WHAT IS BEING ASKED:
An exact copy of the data below is needed; please leave out any pictures.
*** Opening DATA SEGMENT ***
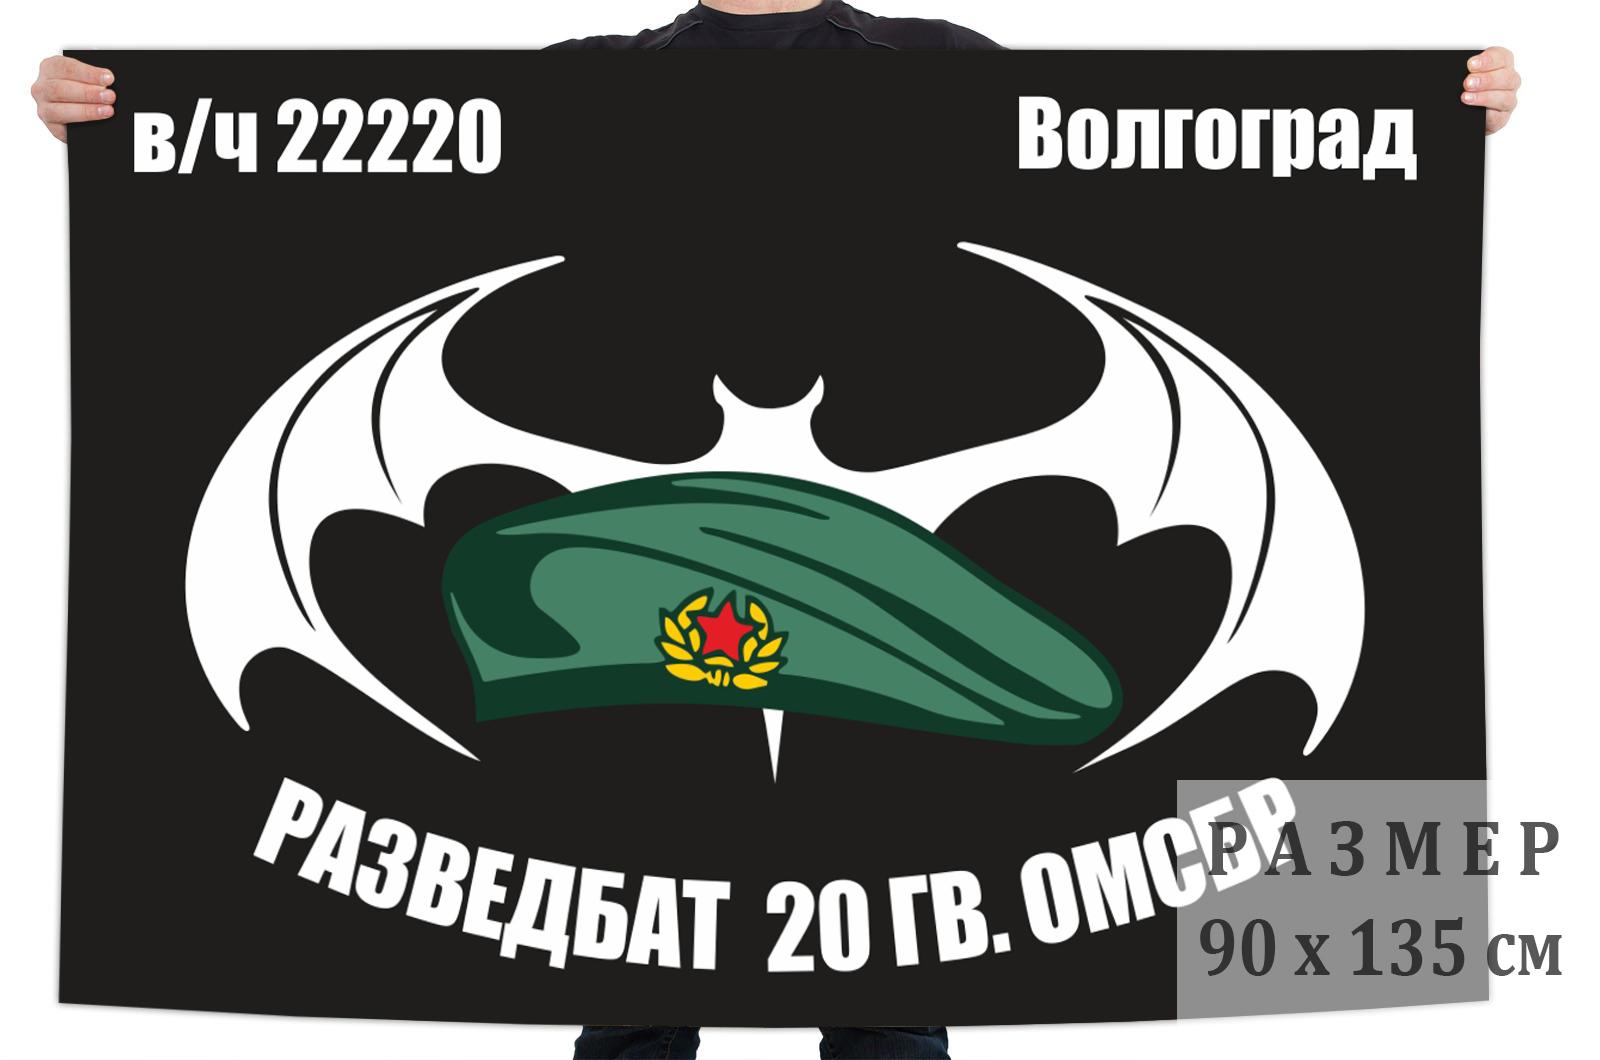 Флаг Разведбата 20 Гв. ОМСБр
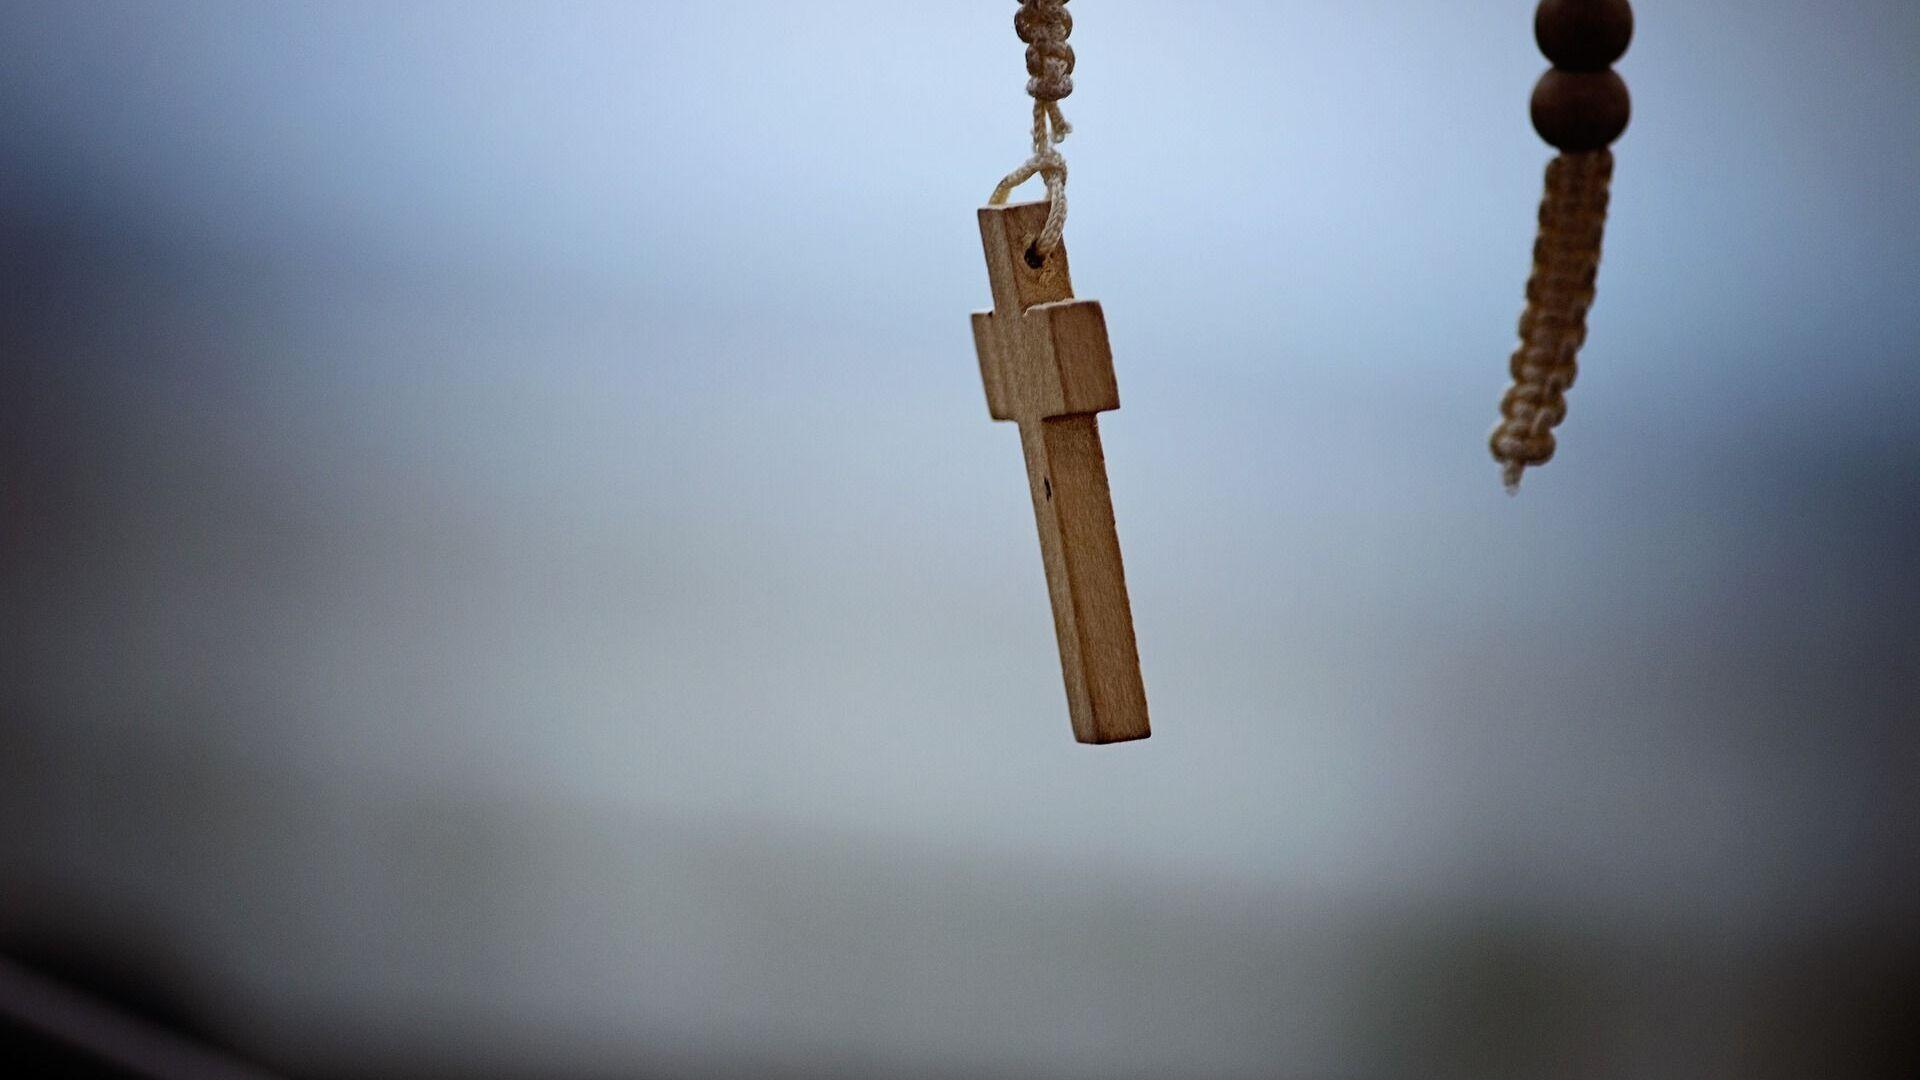 Una cruz católica (imagen referencial) - Sputnik Mundo, 1920, 13.10.2021
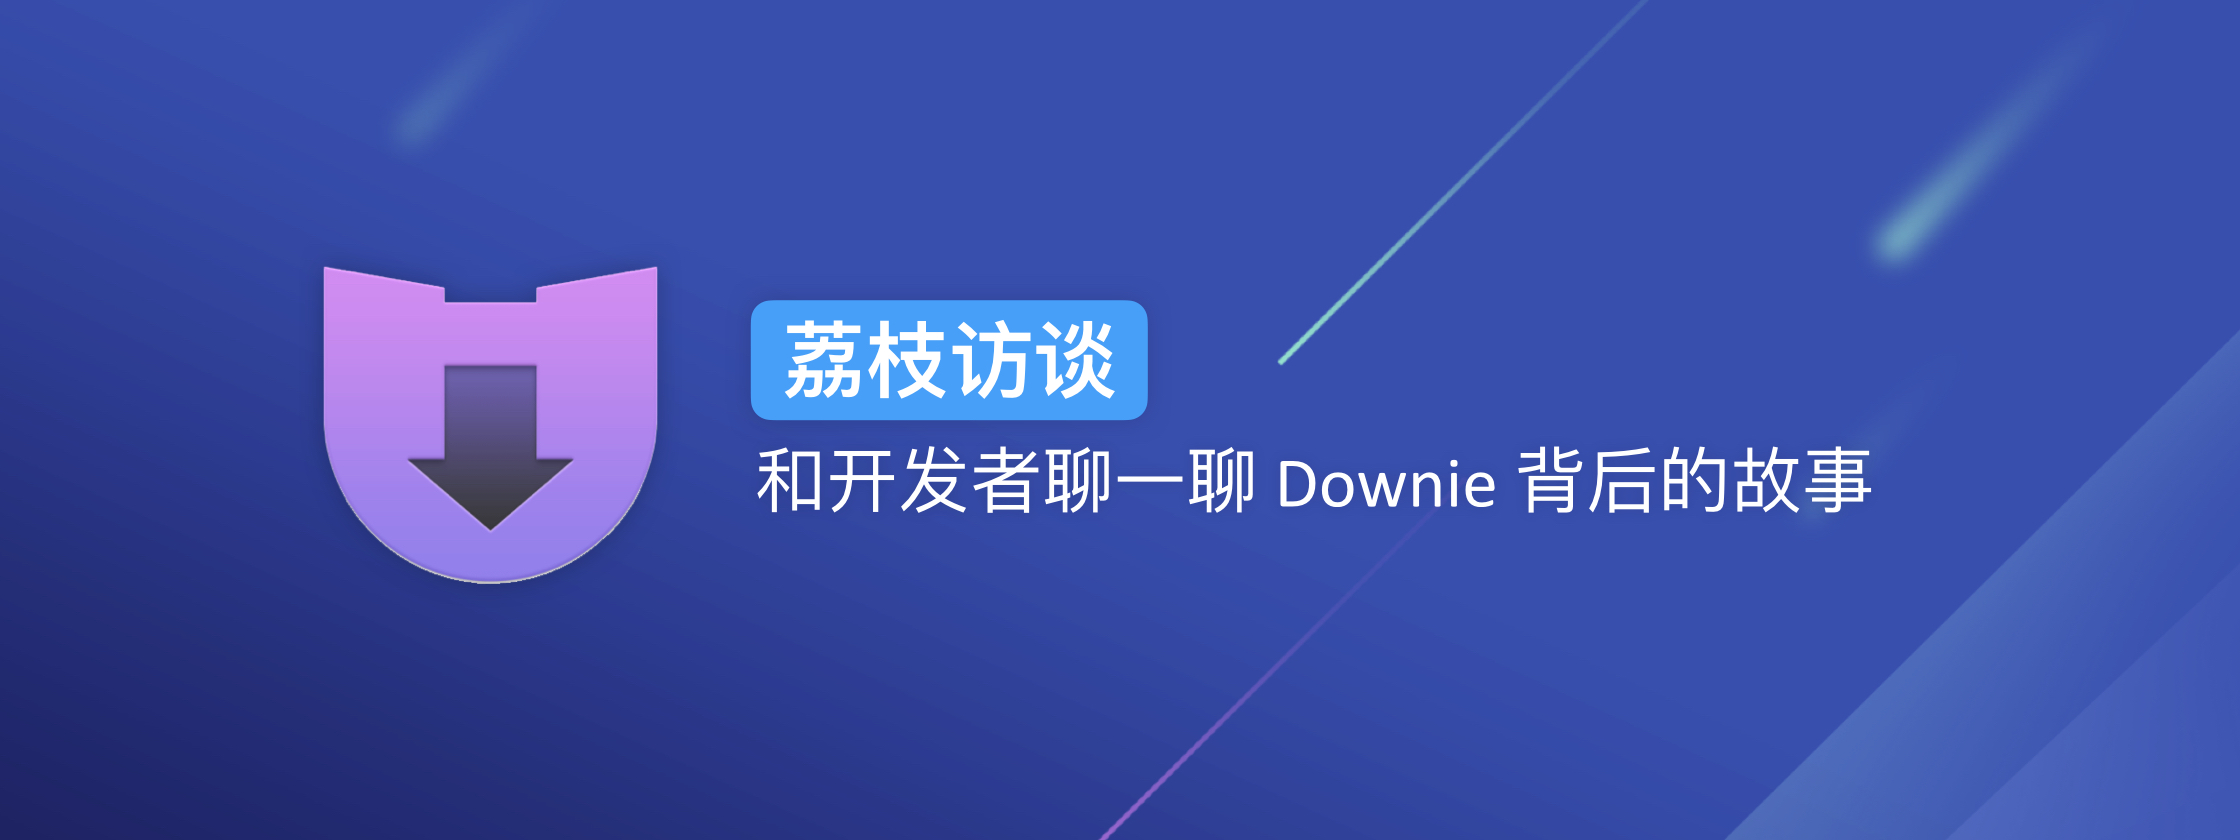 荔枝访谈 | 和开发者聊一聊 Downie 背后的故事
*** Closing DATA SEGMENT ***
SOLUTION FOR THIS TASK:
 Флаг Разведбата 20 Гв. ОМСБр
 Una cruz católica (imagen referencial) - Sputnik Mundo, 1920, 13.10.2021
 荔枝访谈 | 和开发者聊一聊 Downie 背后的故事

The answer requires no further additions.